Why this anchor matters: it establishes a real localization and control foothold before the broader thesis asks where that foothold breaks.
Control does not guarantee transfer: the bridge benchmark now shows a held-out externality break.
Locked test result: ITI reduces adjudicated accuracy by -5.8pp (95% CI -8.8--3.0pp) on 500 held-out TriviaQA items.
Dominant failure mode: 70.0% of right-to-wrong flips are wrong-entity substitutions, not refusal.
Project consequence: an intervention can help on one evaluation surface and still corrupt free-form factual generation.
Measurement changes conclusions: the original 256-token jailbreak slope was a truncation artifact.
Paired v2-v3 audit: v2 shows a positive binary slope, v3 binary is uncertain, and v3 still recovers a substantive-compliance rise.
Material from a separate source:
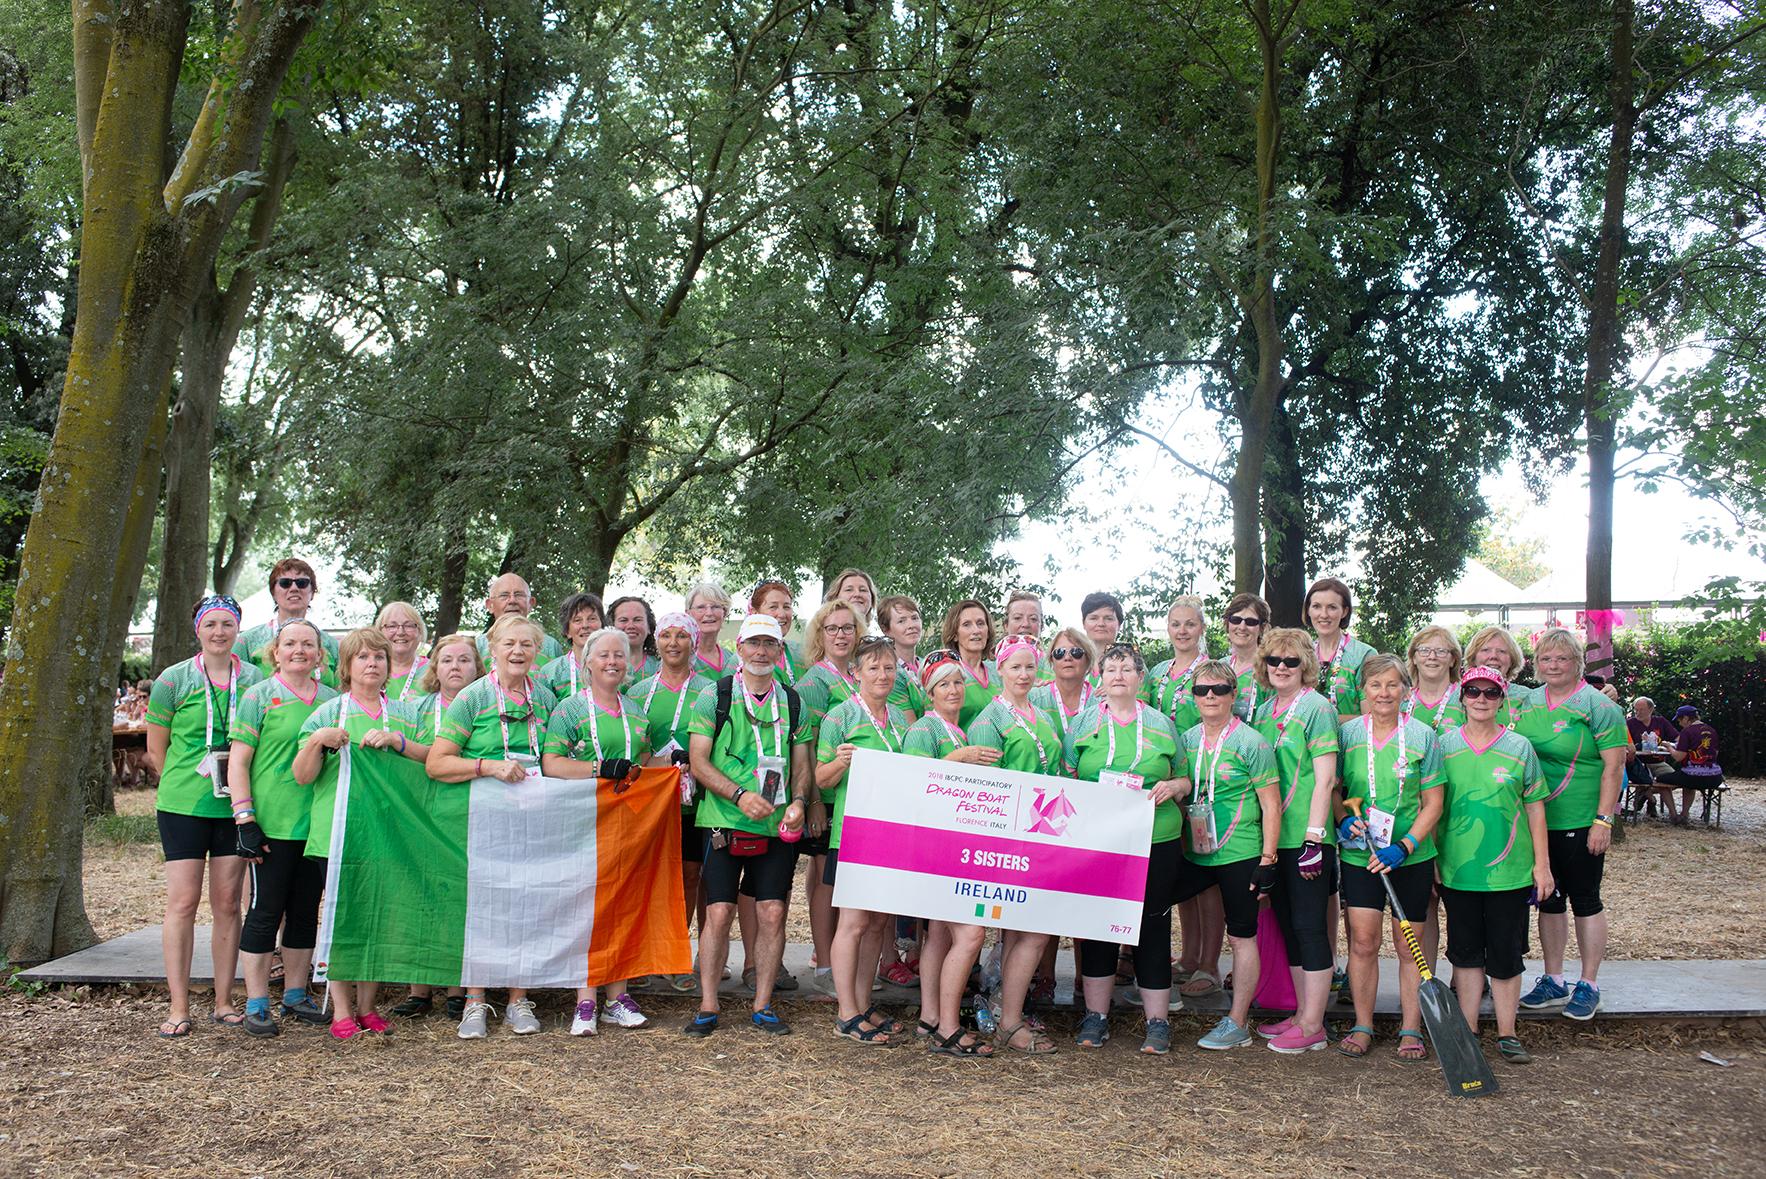 3 Sister - Ireland
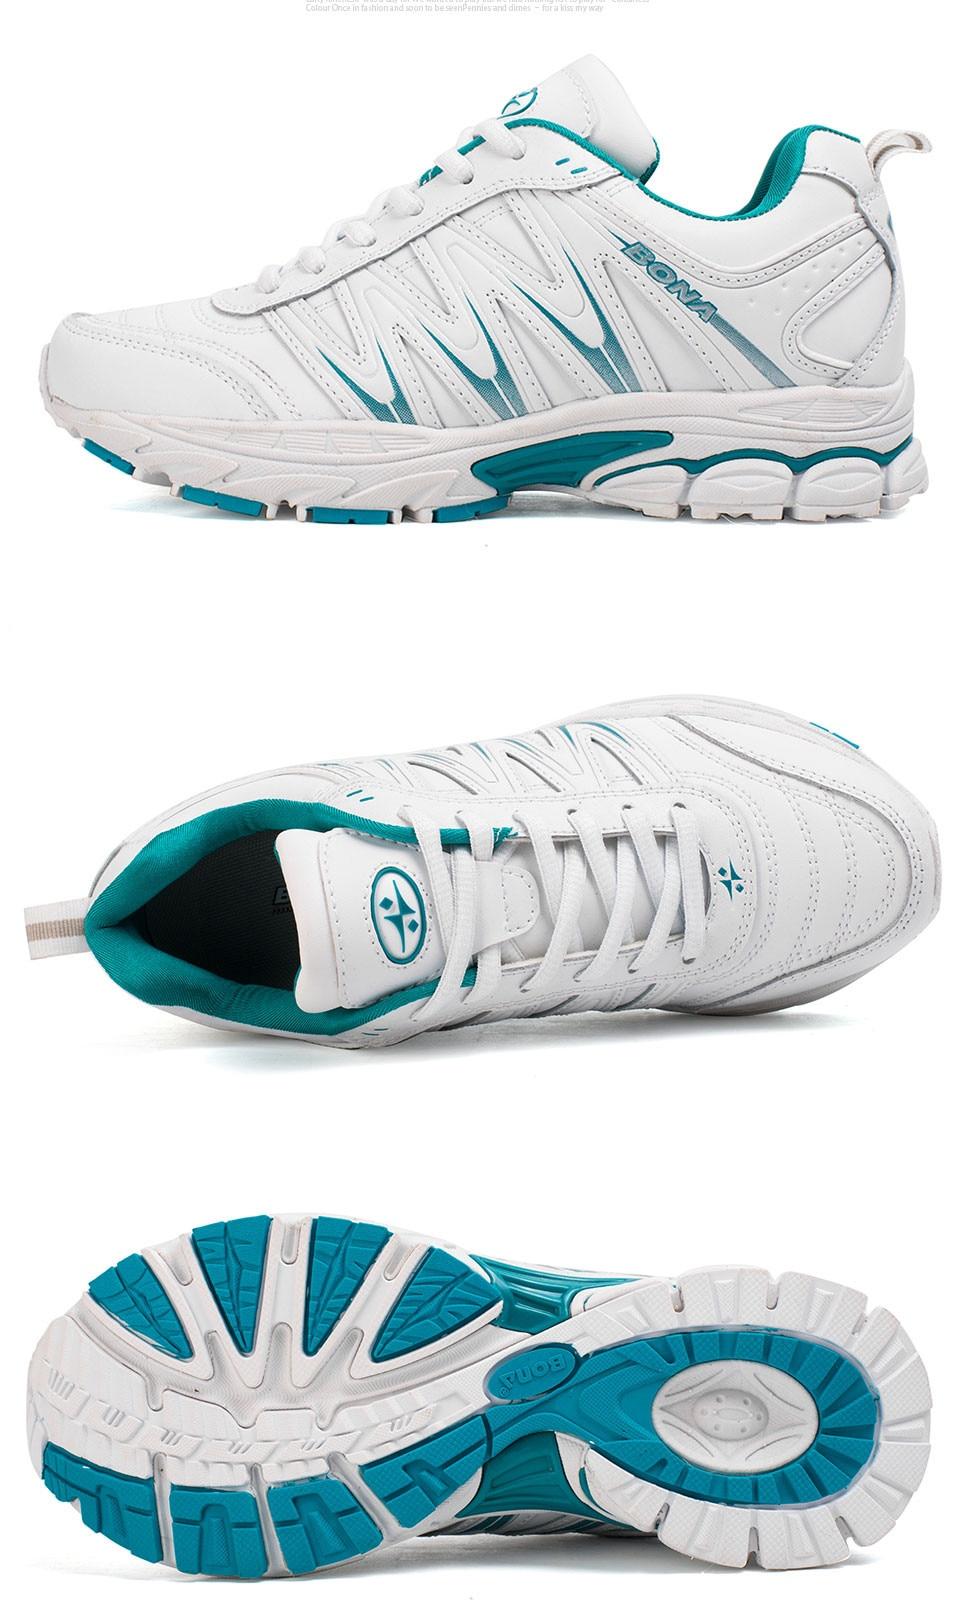 H80c584b31c474308847806de8673869dR BONA 2019 New Designers Casual Shoes Men Style Cow Split Sneakers Male Lightweight Outdoor Fashion Footwear Man Trendy Comfy

Why v3 stays primary: not because it leads on held-out accuracy after the tie, but because it supplies the taxonomy and granularity the paper needs without introducing false positives on the gold set.
Project consequence: evaluator dependence is part of the scientific result, not just reporting overhead.
D7 is supporting evidence: the April 8 legacy panel stays historical, and the April 16 current panel is now a clean CSV2 v3 comparison with expanded layer-matched random controls and a scored probe branch; the shown random seed remains +17.2pp more harmful than causal on strict harmfulness (95% CI 13.2-21.4pp).
v3 is not pitched as universally superior: the holdout rerun closed the old StrongREJECT gap, so the rationale is measurement quality, not outdated superiority language.
Single-model scope remains explicit: the site is framed as a Gemma 3 4B case study in intervention science.
The stable pattern across the April evidence is broader than H-neurons alone: measurement, localization, control, and externality come apart. Good readouts do not reliably identify good steering targets, and even successful interventions stay narrow unless validated on multiple surfaces.
The paper-faithful sparse baseline survives the hard checks: 76.5% held-out accuracy (95% CI 73.6-79.5%), a +4.5pp FaithEval gain above no-op, and flat random-neuron intervention controls. What narrowed is the interpretation, not the existence of signal.
Neuron (20, 4288) has 1.65x the classifier weight of the runner-up but scores 0/6 on independent checks. By C=3.0 the signal is spread across 219 positive-weight neurons and accuracy rises to 80.5%. Sparse bookkeeping is not the same thing as mechanistic centrality.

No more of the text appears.